Re: [Wikimedia-l] Quality issues

27 Nov 2015

Hoi,
When a benefit is "Wikimedia specific" and thereby dismissed, you miss much
of what is going on. Exactly because of this link most items are well
defined as to what they are about. It is not perfect but it is good.
Consequently Wikidata is able to link Wikipedia in any language to sources
external to Wikipedia. This is a big improvement over linking external
sources to a Wikipedia. The disambiguation of subjects is done at the
Wikidata end.

You make Wikidata to be a "default reference source". Given its current
state, it is a bit much. Wikidata does not have the maturity to function as
such. The best pointer to this fact is that 50% of all items has two or
fewer statements.

When you compare the quality of Wikipedias with what en.wp used to be you
are comparing apples and oranges. The Myanmar Wikipedia is better informed
on Myanmar than en.wp etc.

When you qualify a Wikipedia as fascist, it does not follow that the data
is suspect. Certainly when data in a source that you so easily dismiss is
typically the same, there is not much meaning in what you say from a
Wikidata point of view.

I am thrilled that sources are so important to the Wikimedia movement and
again, I am wondering what you hope to achieve by this pronouncement. Be
realistic what is it that you want to achieve? Is quality important to you
and, how do you define it and more importantly how do you want to achieve
it. Have you seen the statistics on sources [1]? Then have a better look
and you will find that real sources are mostly absent. Adding sources one
statement at a time will not significantly improve quality because that is
a numbers game and it is easier to achieve quality in a different way.

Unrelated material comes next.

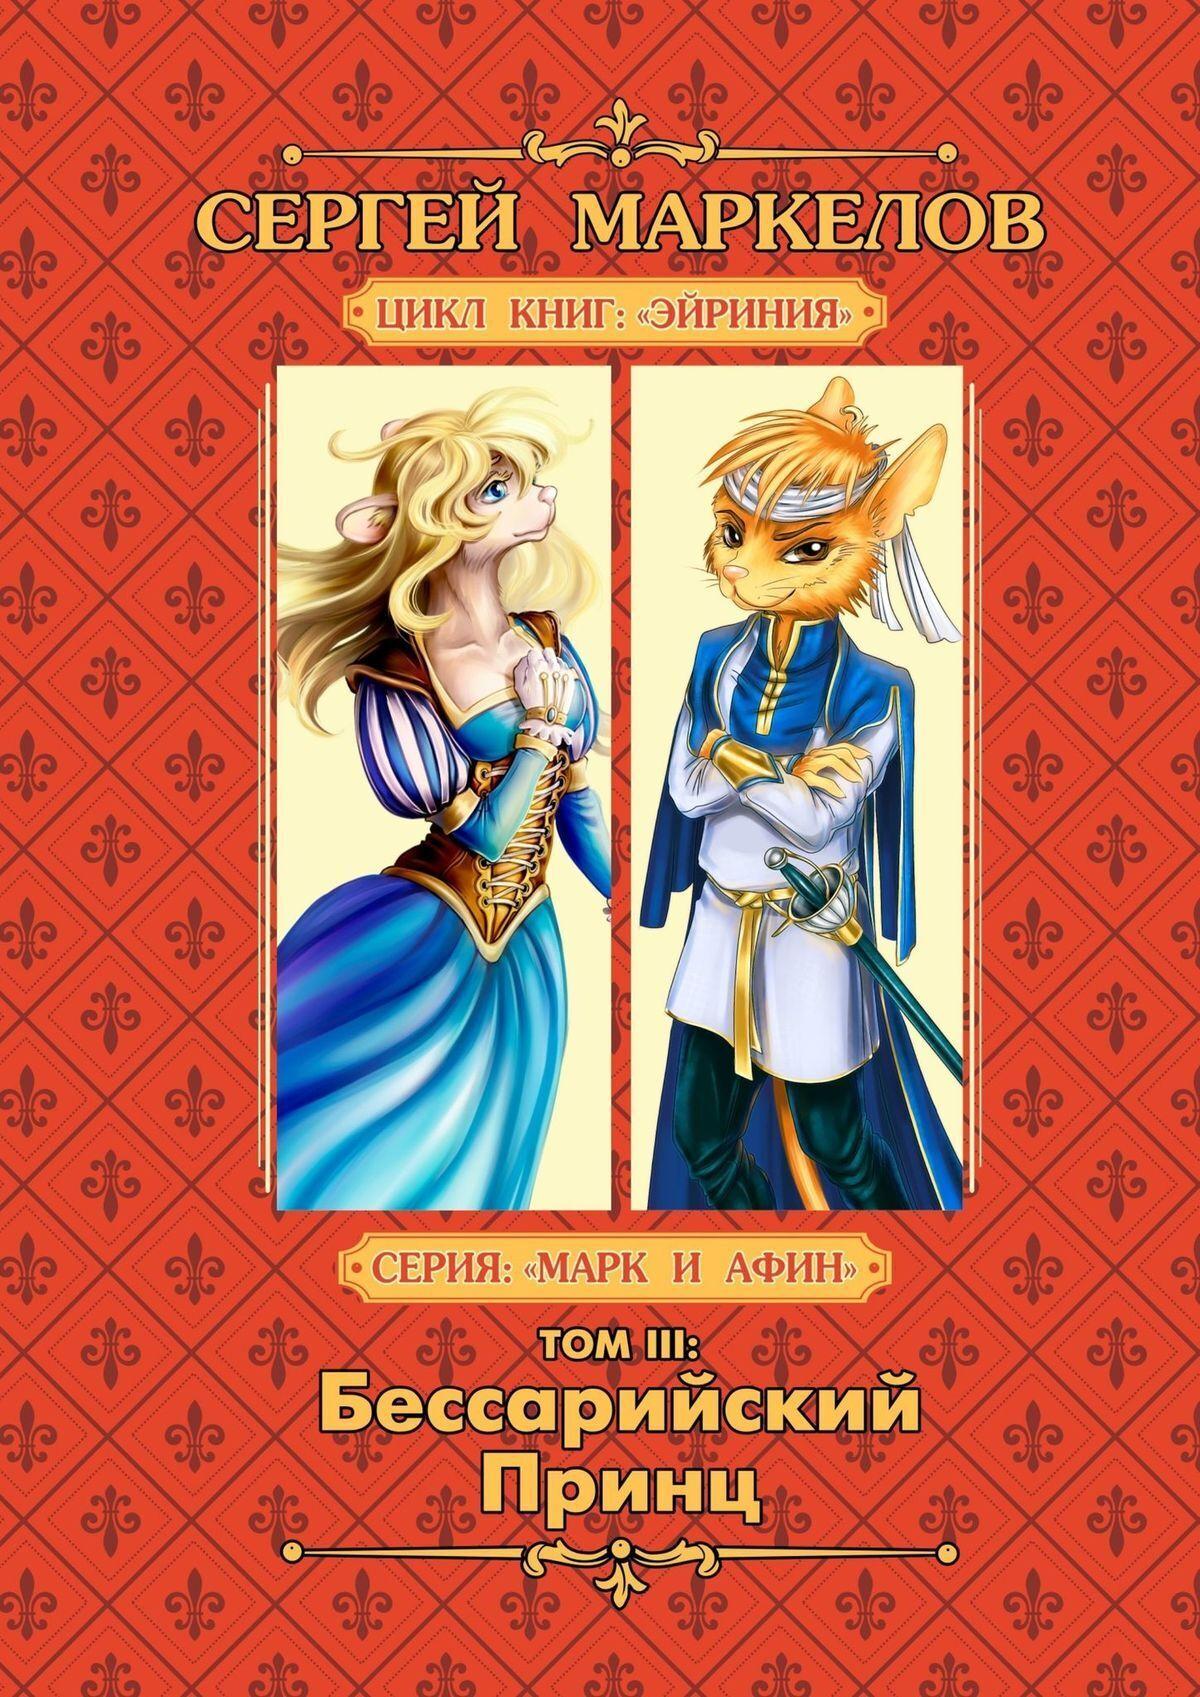 Бессарийский принц. Цикл «Эйриния». Серия «Марк иАфин». ТомIII

When a librarian says that many sources copy each others data and that this
is a problem, the bigger problem is missed. The bigger problem is not where
they agree but where they disagree. Arguably they are the statements where
quality is more likely an issue. Now ask your librarian what is likely to
improve Wikidata more either find Sources for the statements that differ of
find Sources where the statements agree. Wikidata is not authoritative but
when our community starts researching such issues both Wikidata and other
sources will improve rapidly their quality. This is not to say that in the
end you want both Sources where sources agree and disagree.

Then ask your librarian if there is a problem with missing data  We can
import data from sources and consequently be more informative or we do not
import more data and people have to magically combine information that
exists in many sources to get a composite view. We could see Wikidata as a
place where data is combined and compared with other sources, Do tell your
librarian that the process mentioned above should be iterative and it will
be easily understood that comparing with just one additional source will
improve the focus on likely issues even more.

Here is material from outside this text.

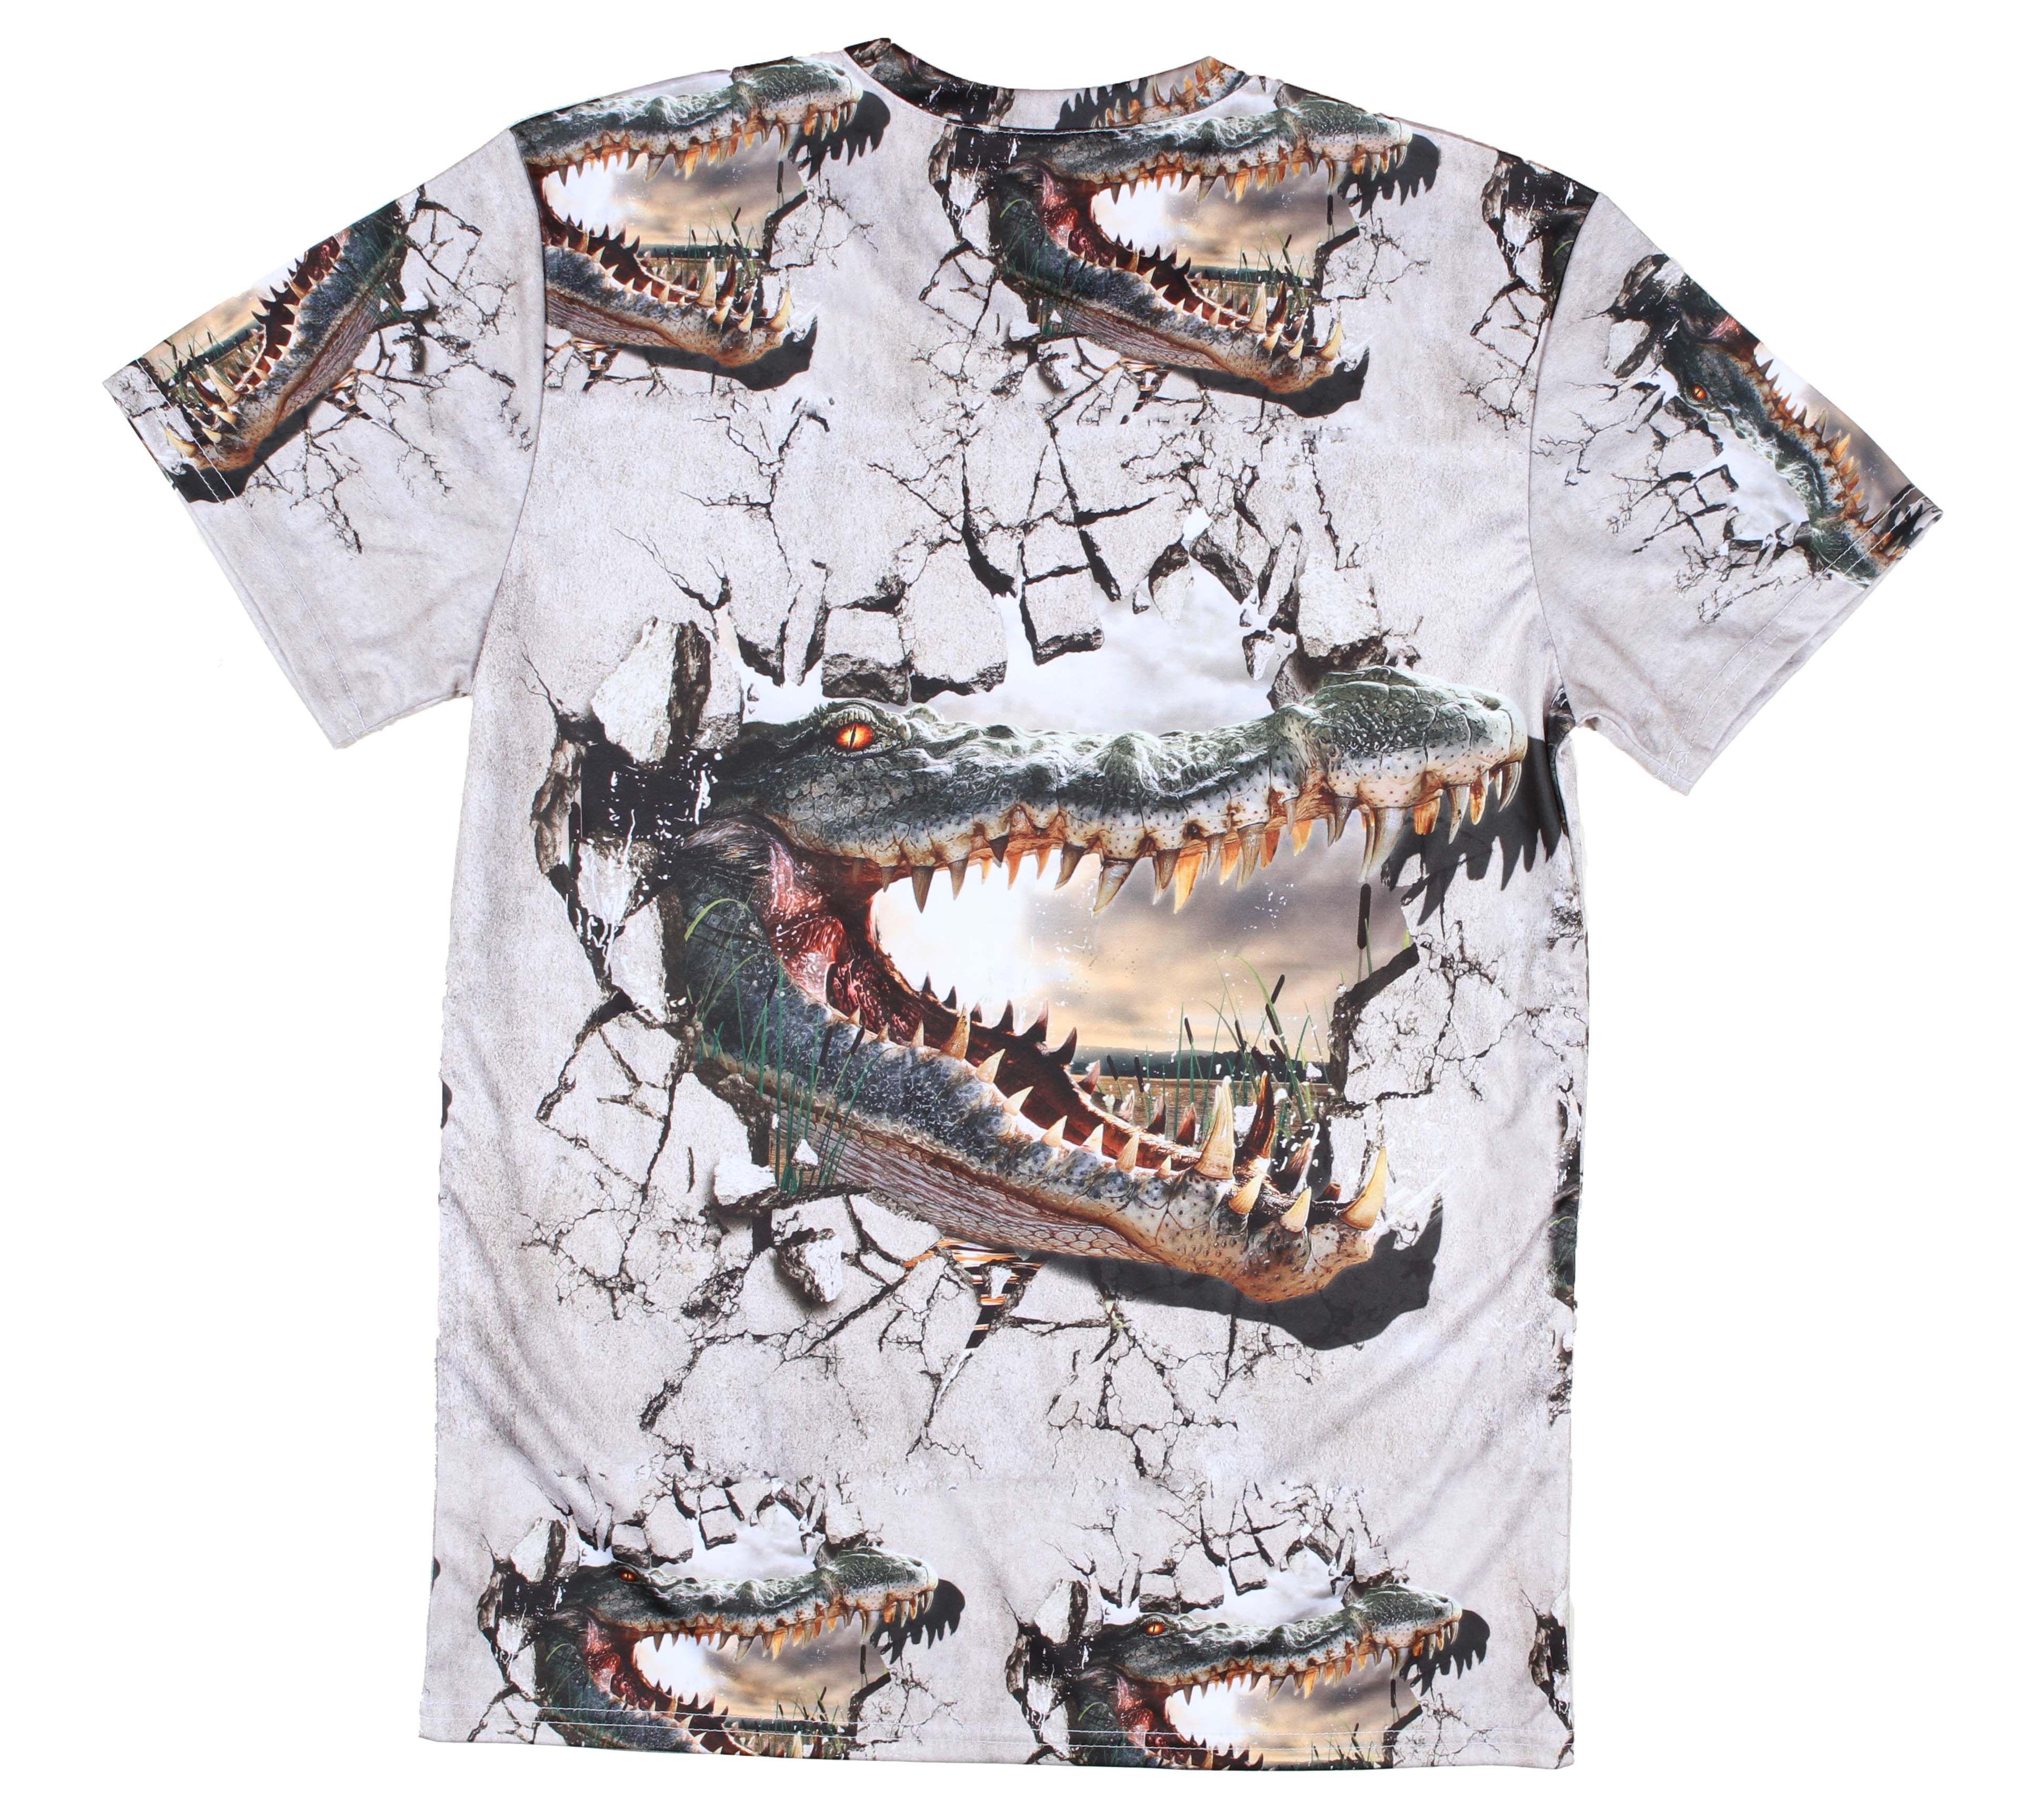 Dinosaur tshirts,3d print Dinosaur mens o neck t shirt,Dinosaur boys casual t shirt

PS What does your librarian think when she knows that the Dutch National
Library is inclined to provide us with software so that books can be
ordered at Dutch libraries from Wikidata data (and by inference from
Wikipedias)?

When some see Wikidata as a source of reference, they will increasingly be
served a better product. At this moment it is not good at all.

When German Wikimedians have concerns about quality.WONDERFUL but what have
they done to improve things? Do they apply Wikipedia standards and how does
that help?

You wonder why have "bad" data in the first place... Our data IS bad and
there is not enough of it for it to be really useful. We can easily add
more data and have a more useful result We can easily compare sources and
ask people to concentrate on differences. However you can not tell me to
add Sources to the data that I add. I will tell you to do it yourself. I am
happy to improve on quality but on my terms, not yours.

You mention the propagation of errors.. How would that work. You indicate
that there are not enough people to fix all the issues. With bots like
Kian, we have probability in adding data. We have people add data where the
software is not certain.  You doubt technology but you do not know where we
are, what is already done.

In short my feeling is that you do not know what you are talking about.
There is real scholarship in the approach that I described, My take is in
applying set theory. Kian is AI. For all I care yours is FUD.

Your notion of accountability is one of a consumer, it is not the
accountability needed for a project that is immature and is not at all at a
stage where you should imply that it is good enough and that quality is
assured. There are domains in Wikidata that I will not touch because in my
opinion it is wrong in its principles. At the same time I know that it can
be fixed in time and leave it at that,

I disagree with Heather Ford and Mark Graham. As long as Wikidata does not
have the power of a Reasonator, the data is just that. It does not make
itself in information and consequently it is awful. When there is one thing
the Wikidata engineers do not do, it is considering the use of the data and
the workflows to improve the data and the quality.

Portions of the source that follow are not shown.